Stored entries:
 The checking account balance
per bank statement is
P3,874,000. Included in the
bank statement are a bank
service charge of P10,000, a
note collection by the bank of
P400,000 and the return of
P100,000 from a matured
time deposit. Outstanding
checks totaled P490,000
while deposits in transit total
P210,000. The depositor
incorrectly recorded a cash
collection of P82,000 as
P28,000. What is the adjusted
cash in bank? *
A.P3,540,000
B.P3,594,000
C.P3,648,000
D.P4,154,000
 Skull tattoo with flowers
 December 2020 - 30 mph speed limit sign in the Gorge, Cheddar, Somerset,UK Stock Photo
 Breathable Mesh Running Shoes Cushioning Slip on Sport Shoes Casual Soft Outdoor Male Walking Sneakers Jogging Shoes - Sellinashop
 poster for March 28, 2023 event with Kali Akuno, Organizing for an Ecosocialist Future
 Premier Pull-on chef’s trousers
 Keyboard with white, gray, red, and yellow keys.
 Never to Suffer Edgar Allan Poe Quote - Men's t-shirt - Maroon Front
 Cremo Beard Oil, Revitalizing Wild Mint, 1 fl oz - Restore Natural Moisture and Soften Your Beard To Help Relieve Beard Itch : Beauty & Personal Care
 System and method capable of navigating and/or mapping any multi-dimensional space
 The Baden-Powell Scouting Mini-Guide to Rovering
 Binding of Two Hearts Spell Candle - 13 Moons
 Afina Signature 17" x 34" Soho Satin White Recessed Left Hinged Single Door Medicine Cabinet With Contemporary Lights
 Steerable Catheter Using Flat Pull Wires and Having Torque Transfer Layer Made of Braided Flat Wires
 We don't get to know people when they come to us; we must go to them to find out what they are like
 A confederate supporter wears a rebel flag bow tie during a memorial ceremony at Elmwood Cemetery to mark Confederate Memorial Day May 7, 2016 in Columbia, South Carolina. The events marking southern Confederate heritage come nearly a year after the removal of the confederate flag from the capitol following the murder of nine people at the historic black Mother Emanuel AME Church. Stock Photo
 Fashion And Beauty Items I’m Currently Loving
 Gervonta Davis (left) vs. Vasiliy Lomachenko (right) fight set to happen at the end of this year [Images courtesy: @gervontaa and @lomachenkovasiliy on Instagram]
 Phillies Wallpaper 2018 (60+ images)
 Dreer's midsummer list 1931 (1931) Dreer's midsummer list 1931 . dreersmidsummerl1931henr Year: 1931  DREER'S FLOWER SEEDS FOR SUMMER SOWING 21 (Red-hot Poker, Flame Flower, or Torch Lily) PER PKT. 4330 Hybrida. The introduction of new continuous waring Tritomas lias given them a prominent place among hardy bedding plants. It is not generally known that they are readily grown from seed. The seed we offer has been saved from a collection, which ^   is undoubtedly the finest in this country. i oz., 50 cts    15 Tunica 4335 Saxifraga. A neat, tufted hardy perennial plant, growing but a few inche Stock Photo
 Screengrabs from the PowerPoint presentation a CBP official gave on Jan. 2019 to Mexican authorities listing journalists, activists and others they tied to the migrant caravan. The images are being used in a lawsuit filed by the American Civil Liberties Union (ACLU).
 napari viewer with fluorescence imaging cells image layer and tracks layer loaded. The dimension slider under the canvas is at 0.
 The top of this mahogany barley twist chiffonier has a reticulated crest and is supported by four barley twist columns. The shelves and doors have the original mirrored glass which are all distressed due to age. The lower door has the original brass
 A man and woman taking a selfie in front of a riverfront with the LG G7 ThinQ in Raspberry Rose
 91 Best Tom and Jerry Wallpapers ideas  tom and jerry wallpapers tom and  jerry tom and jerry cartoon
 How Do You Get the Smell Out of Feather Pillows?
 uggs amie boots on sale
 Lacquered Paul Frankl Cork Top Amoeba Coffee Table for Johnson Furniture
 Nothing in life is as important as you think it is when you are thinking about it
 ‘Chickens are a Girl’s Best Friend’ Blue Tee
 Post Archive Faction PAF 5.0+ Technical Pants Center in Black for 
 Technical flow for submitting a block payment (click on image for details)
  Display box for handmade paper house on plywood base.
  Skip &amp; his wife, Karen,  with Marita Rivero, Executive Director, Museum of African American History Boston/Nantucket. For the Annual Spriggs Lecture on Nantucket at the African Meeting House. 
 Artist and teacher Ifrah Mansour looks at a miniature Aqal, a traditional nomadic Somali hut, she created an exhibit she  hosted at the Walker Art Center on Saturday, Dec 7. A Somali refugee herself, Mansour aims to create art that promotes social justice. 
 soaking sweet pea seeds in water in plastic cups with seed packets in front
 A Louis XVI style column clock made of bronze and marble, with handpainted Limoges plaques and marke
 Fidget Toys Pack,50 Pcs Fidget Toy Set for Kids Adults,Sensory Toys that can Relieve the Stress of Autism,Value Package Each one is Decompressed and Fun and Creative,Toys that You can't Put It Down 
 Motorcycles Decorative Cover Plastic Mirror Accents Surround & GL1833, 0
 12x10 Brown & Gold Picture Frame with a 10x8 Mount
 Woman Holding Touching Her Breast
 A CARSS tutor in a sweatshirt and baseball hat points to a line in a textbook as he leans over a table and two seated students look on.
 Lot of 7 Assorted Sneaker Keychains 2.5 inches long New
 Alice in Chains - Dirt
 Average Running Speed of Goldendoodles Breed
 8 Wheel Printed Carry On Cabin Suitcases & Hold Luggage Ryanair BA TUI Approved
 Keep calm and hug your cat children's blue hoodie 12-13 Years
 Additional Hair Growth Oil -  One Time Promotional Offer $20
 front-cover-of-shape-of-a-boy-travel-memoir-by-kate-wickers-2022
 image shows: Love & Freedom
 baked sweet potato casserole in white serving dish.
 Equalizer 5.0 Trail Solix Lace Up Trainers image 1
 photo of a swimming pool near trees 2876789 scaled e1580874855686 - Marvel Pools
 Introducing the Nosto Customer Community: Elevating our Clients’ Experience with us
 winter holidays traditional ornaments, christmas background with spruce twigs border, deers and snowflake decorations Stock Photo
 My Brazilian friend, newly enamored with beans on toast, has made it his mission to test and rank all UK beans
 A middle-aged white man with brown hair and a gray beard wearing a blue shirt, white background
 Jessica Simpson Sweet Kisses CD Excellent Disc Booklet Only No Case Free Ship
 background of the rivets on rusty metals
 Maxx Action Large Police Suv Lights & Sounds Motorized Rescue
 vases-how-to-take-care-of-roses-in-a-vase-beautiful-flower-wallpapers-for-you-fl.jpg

#### Problem:
Scan the records above and report how many lines include the word "Center", without any other text.

#### Task response:
2